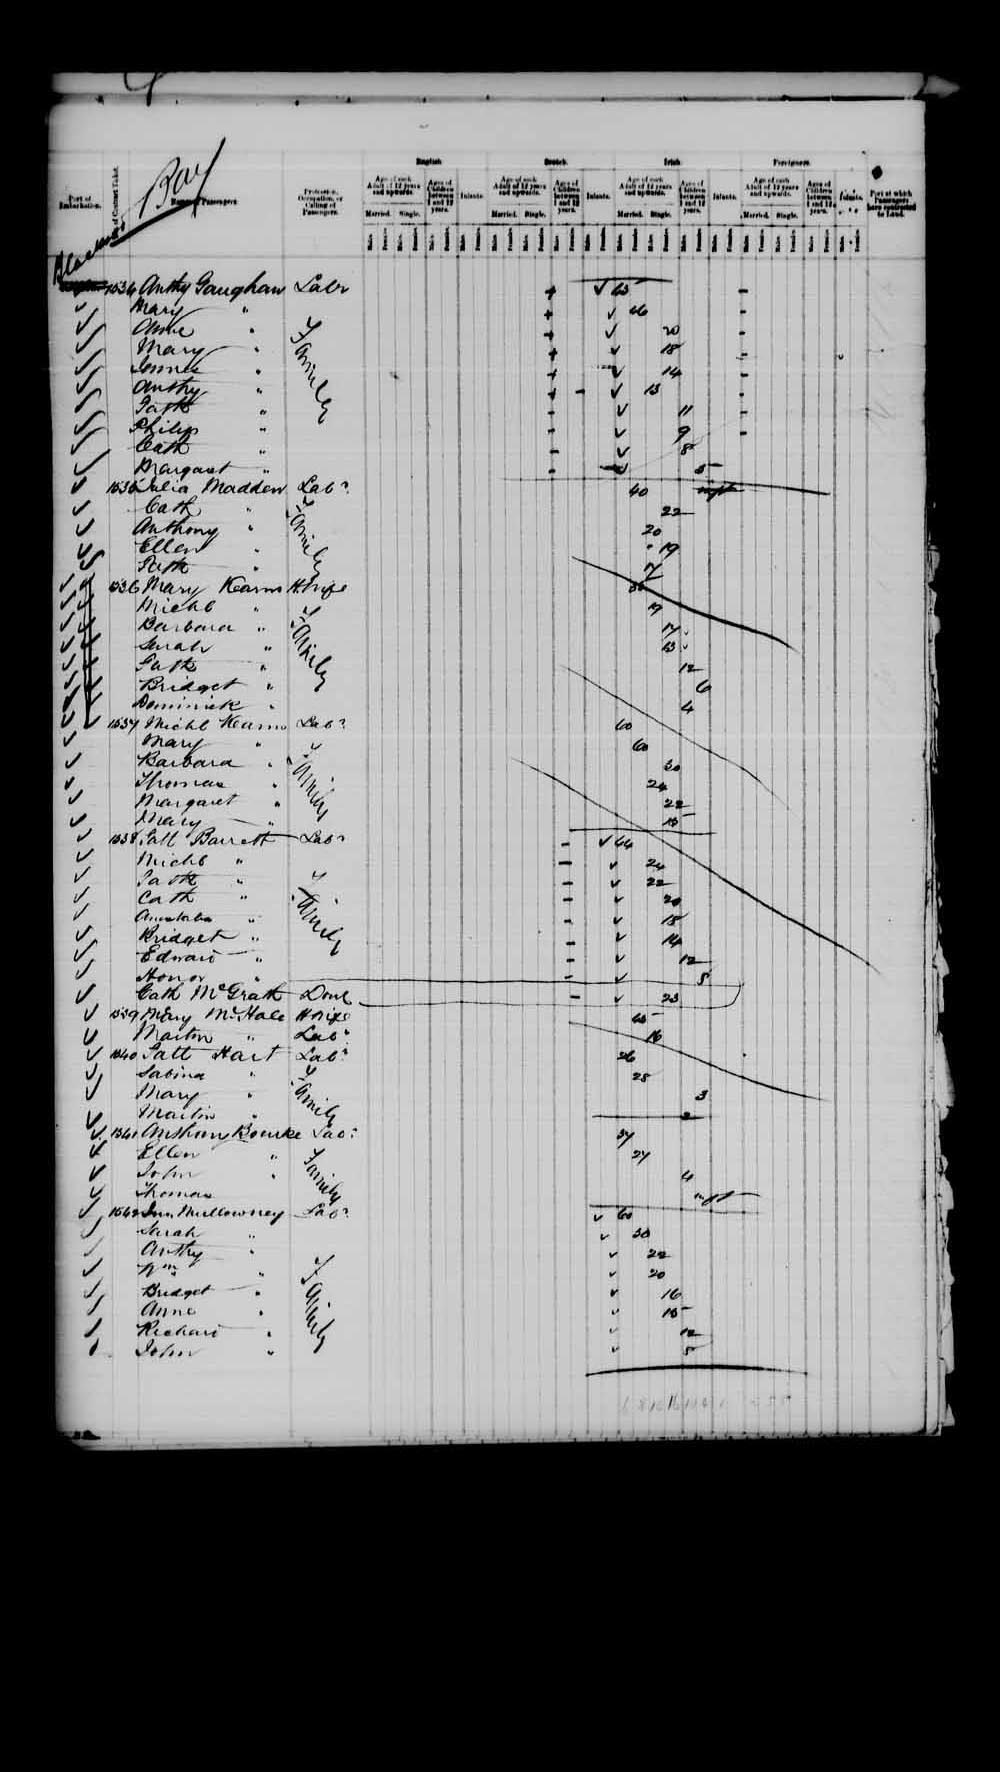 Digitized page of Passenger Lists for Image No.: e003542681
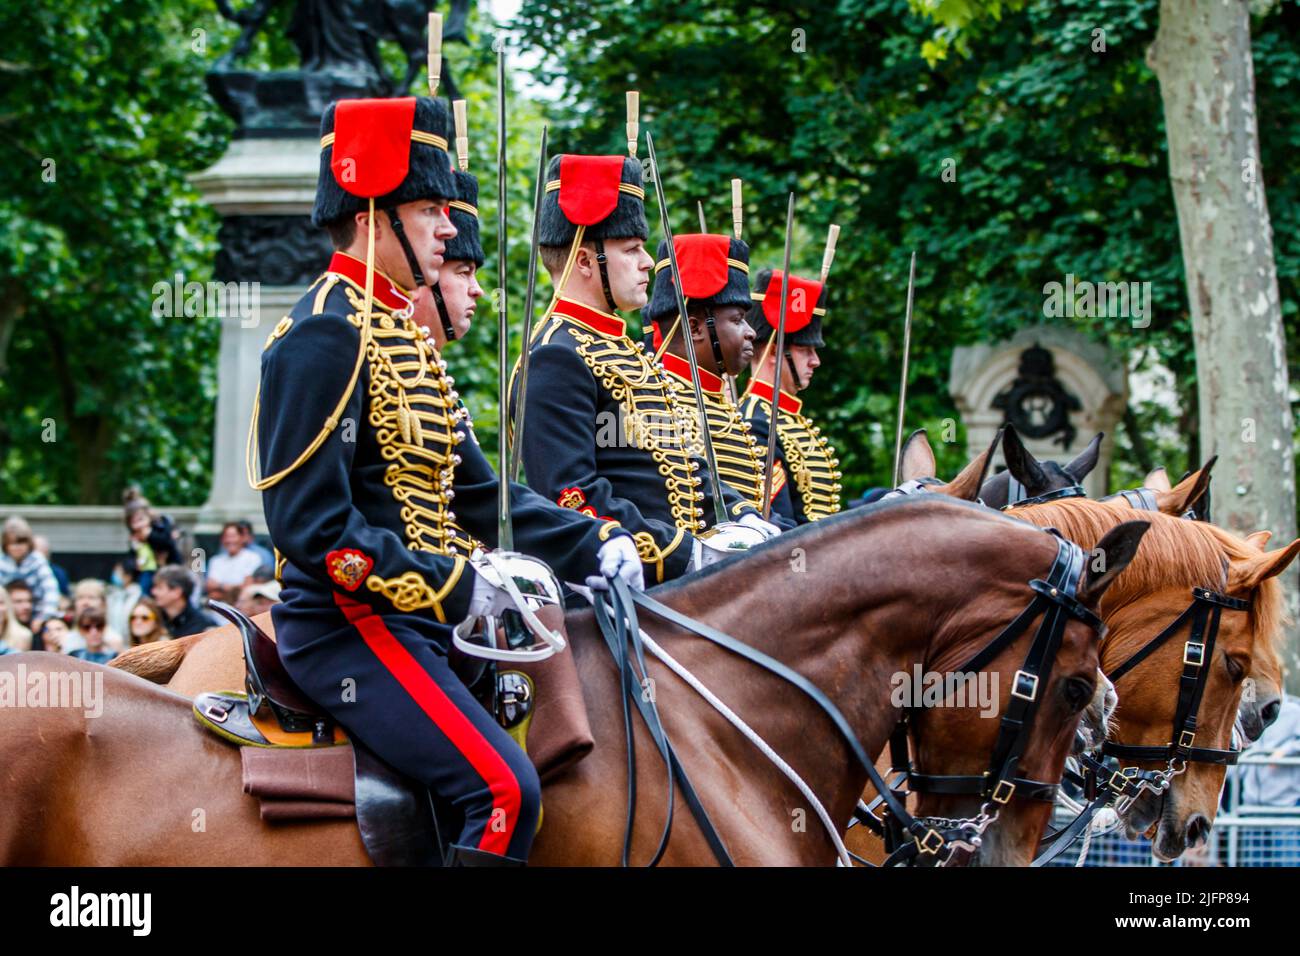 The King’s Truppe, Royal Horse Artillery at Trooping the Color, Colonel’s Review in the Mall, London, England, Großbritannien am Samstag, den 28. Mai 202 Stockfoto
****************************************
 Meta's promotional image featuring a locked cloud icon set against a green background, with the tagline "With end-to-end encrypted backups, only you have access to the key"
****************************************
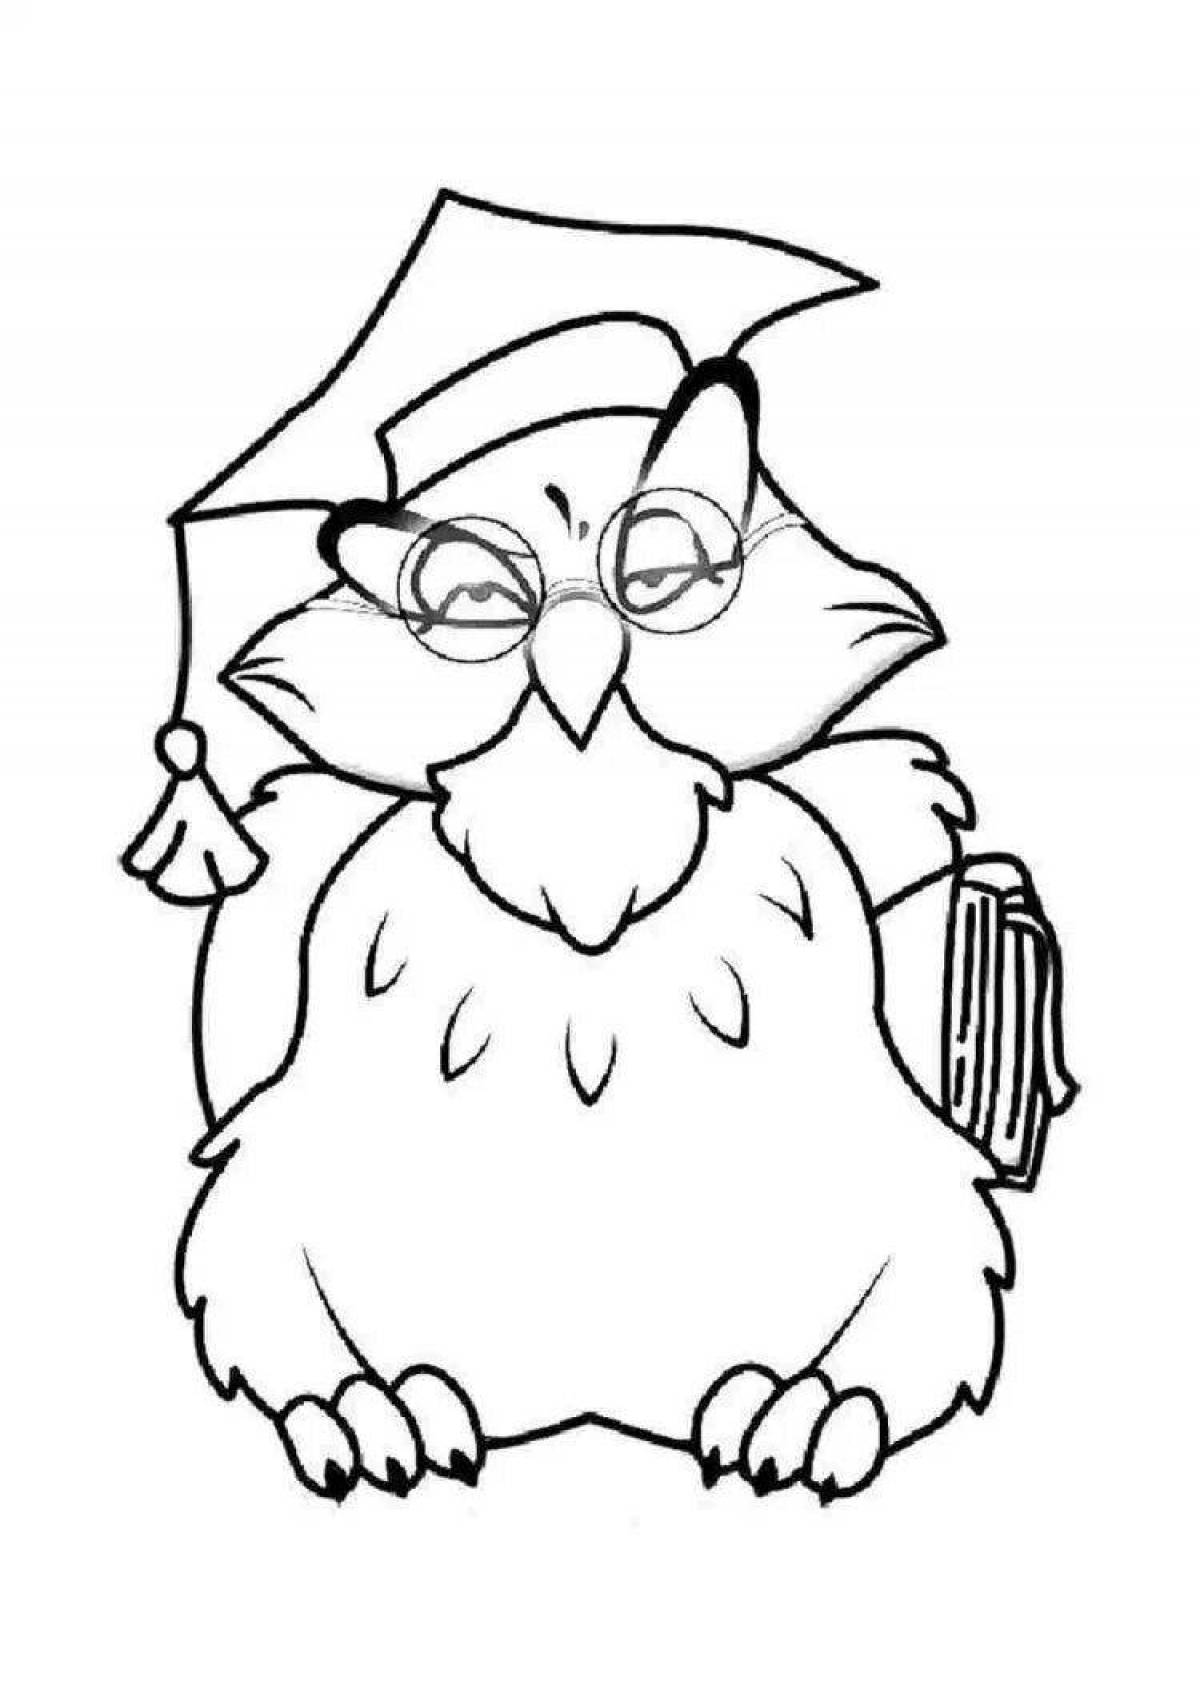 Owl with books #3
****************************************
GOAL OF THE EXERCISE →
Everything from the line with "Digitized page of" down to the line with "The King’s Truppe, Royal" in the data above should be copied exactly, with both end lines kept and the pictures left out.

YOUR SOLUTION →
 Digitized page of Passenger Lists for Image No.: e003542681
 The King’s Truppe, Royal Horse Artillery at Trooping the Color, Colonel’s Review in the Mall, London, England, Großbritannien am Samstag, den 28. Mai 202 Stockfoto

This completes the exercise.